Recognizing plastics as the dominant land-derived debris entering Jakarta Bay, we calculated daily plastic debris release of 57,668 ± 16,559 items or 8.32 ± 2.44 tons into Jakarta Bay. Bekasi River had the highest daily debris release both by abundance and weight (20,066 ± 10,074 items or 2.61 ± 1.31 tons) followed by Dadap River in Tangerang (19,327 ± 4,767 items or 2.15 ± 0.88 tons). Meanwhile, individual river outlets in the municipality of Jakarta had significantly lower debris release into Jakarta Bay that combined delivered 18,273 ± 5,292 items or 3.56 ± 0.77 tons of plastic debris daily during the study period.

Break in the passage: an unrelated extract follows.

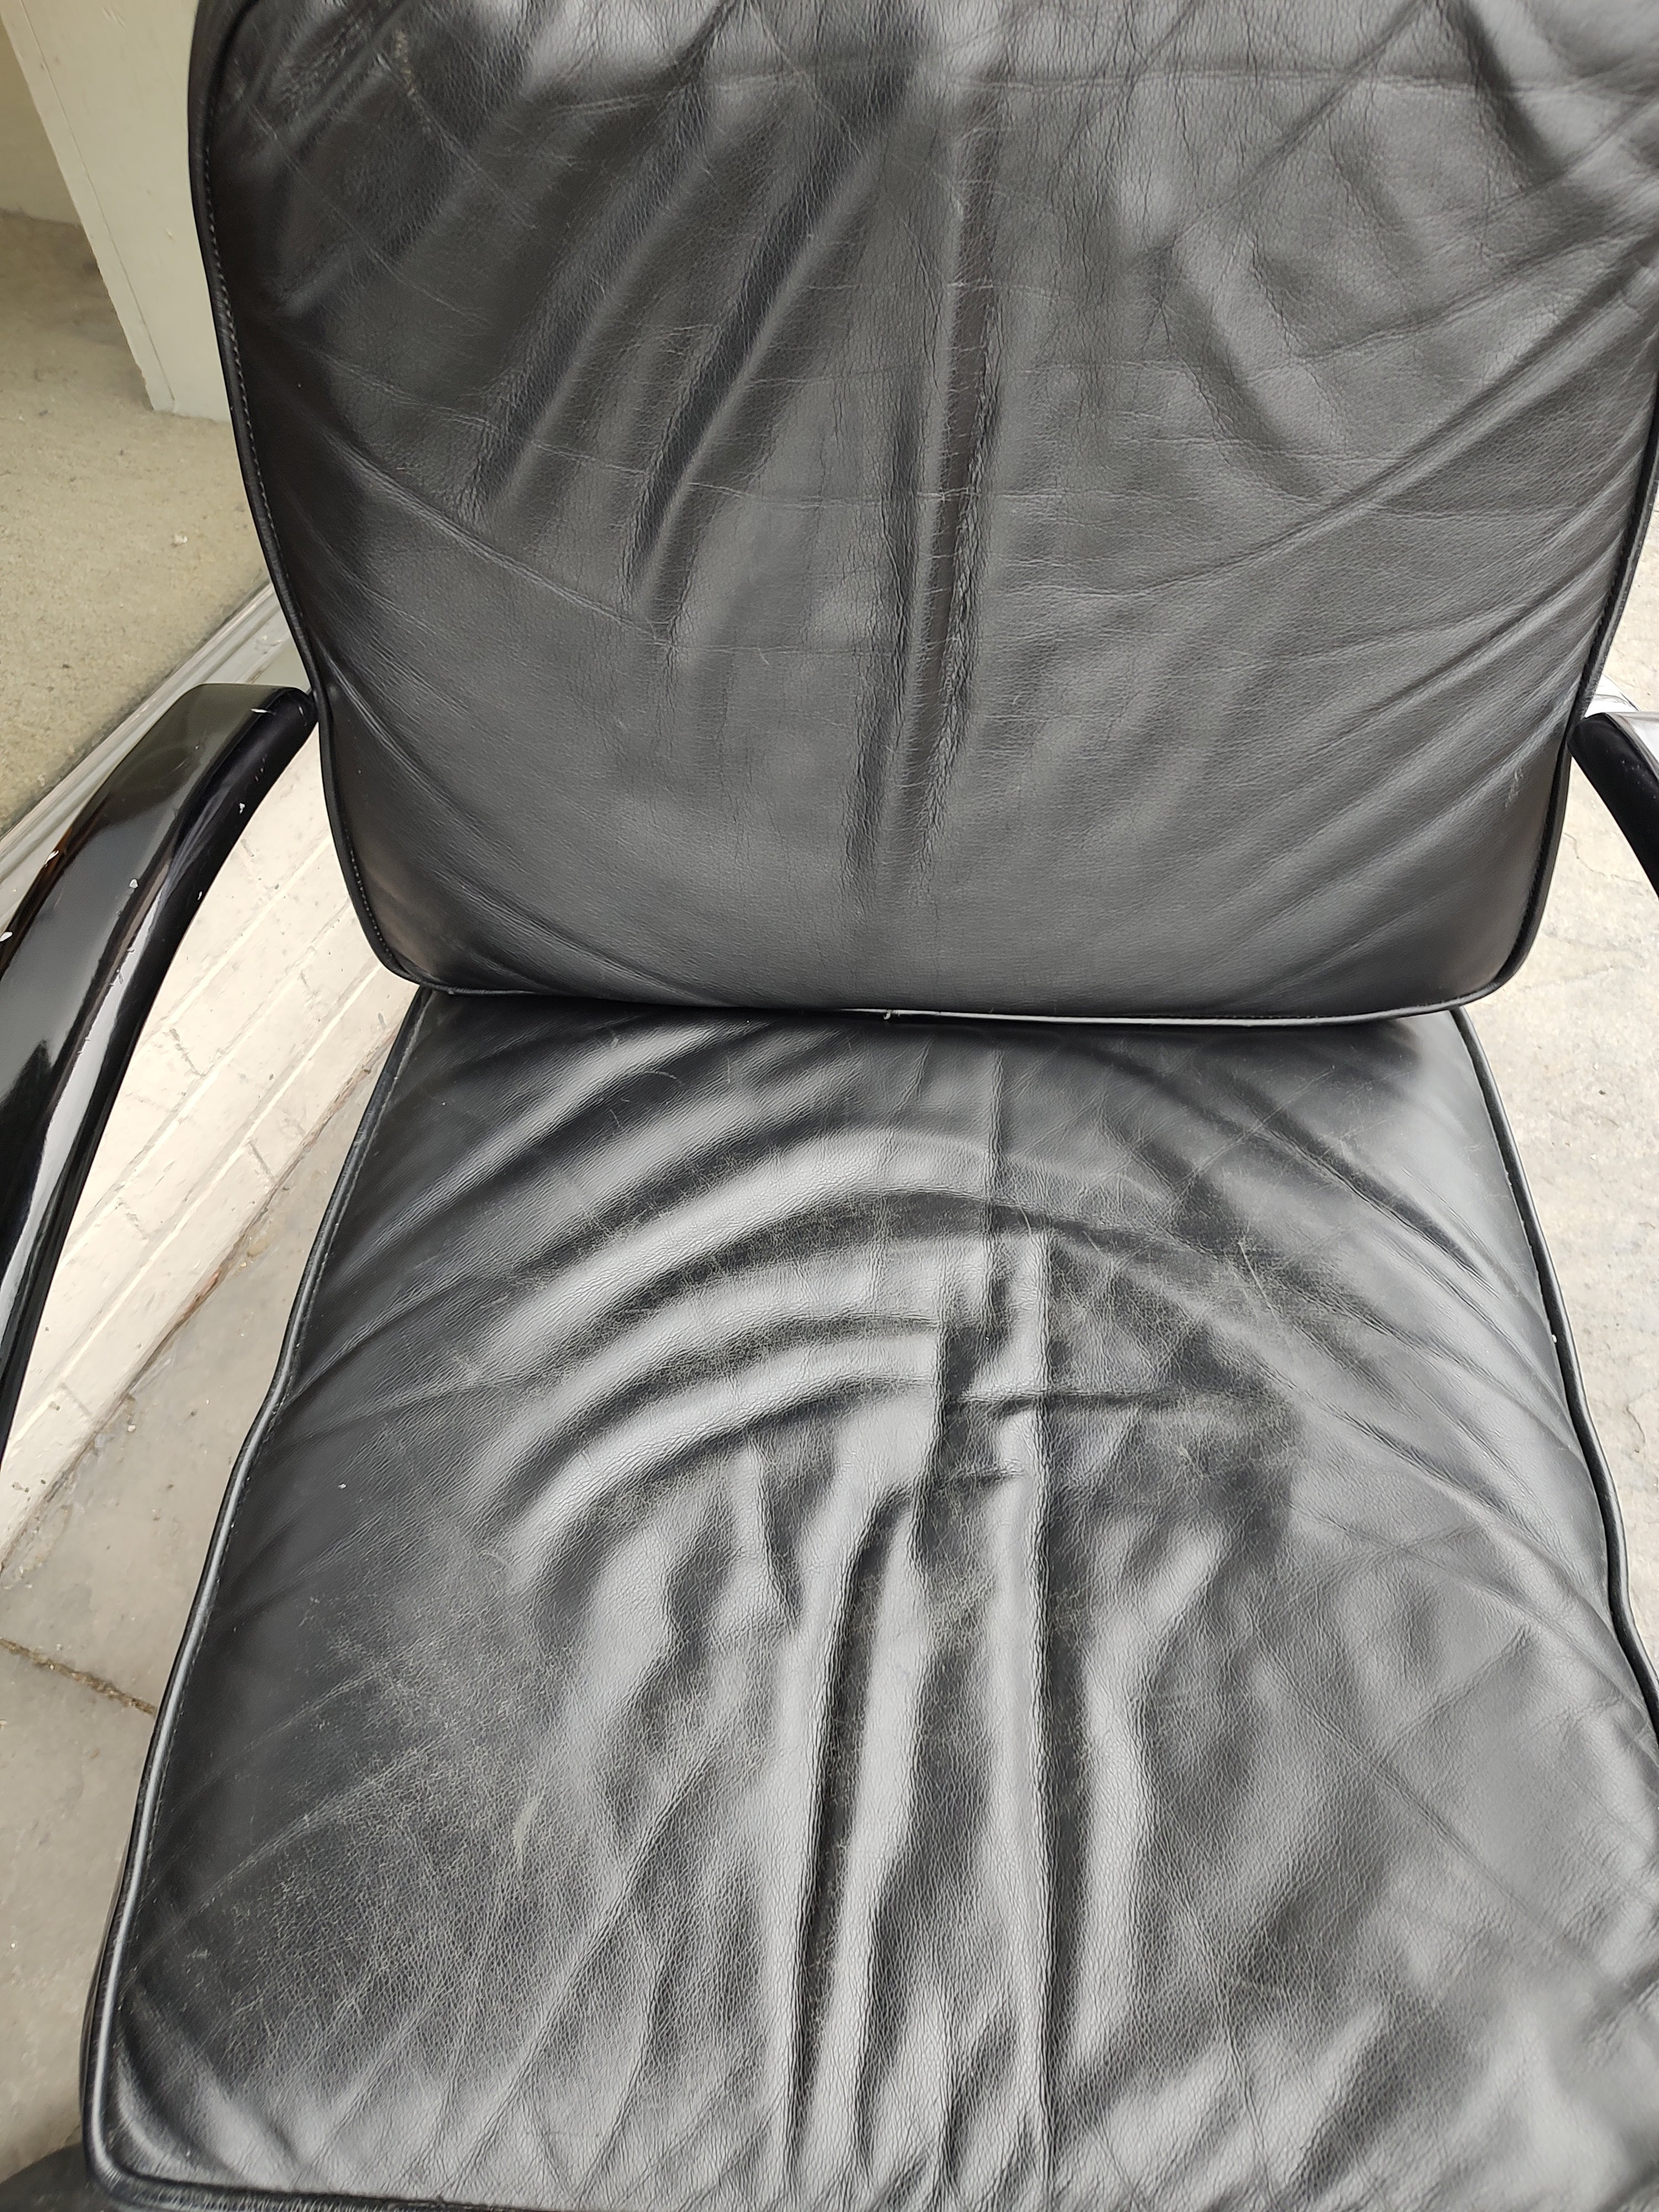 Magnifique chaise longue à ressort chromé de Kem Weber pour Lloyd furniture. En excellent état vintage avec une usure minimale. Les coussins en cuir présentent quelques plis mais pas de fissures ni de déchirures. Le chrome est excellent.

### Monthly variations of marine debris releases

Our year-long monitoring data revealed monthly variations in debris release into Jakarta Bay with significant correlations with rainfall amount (R2 = 0.76 for abundance and 0.85 for weight, N = 13, p < 0.01; Fig. 4). The highest debris release into Jakarta Bay occurred at the peak of the rainy season in February 2016 (489.25 mm of rainfall) with a total of 129,643 items or 34.56 tons of debris daily, followed by December 2015 (302.43 mm of rainfall) with a total of 121,383 items or 30.41 tons of debris daily. The lowest debris release took place on September 2015 (64,371 items daily by abundance) and June 2015 (15.98 tons daily by weight), which occurred around July 2015 that experienced the lowest rainfall amount (0.75 mm). We found no correlation between debris release and river discharge (R2 = 0.02, N = 9, p = 0.75 for both by abundance and weight).

## Discussion

Altogether, our monitoring data on major sources and monthly variations in the release of land-derived debris into Jakarta Bay inform stakeholders and policymakers to prioritize on particular types of debris, categories of plastics as well as months of the year to reduce land-derived debris from the Greater Jakarta area more effectively. Further, the data could help in assessing initiatives over the recent years in reducing land-derived debris through riverine channels.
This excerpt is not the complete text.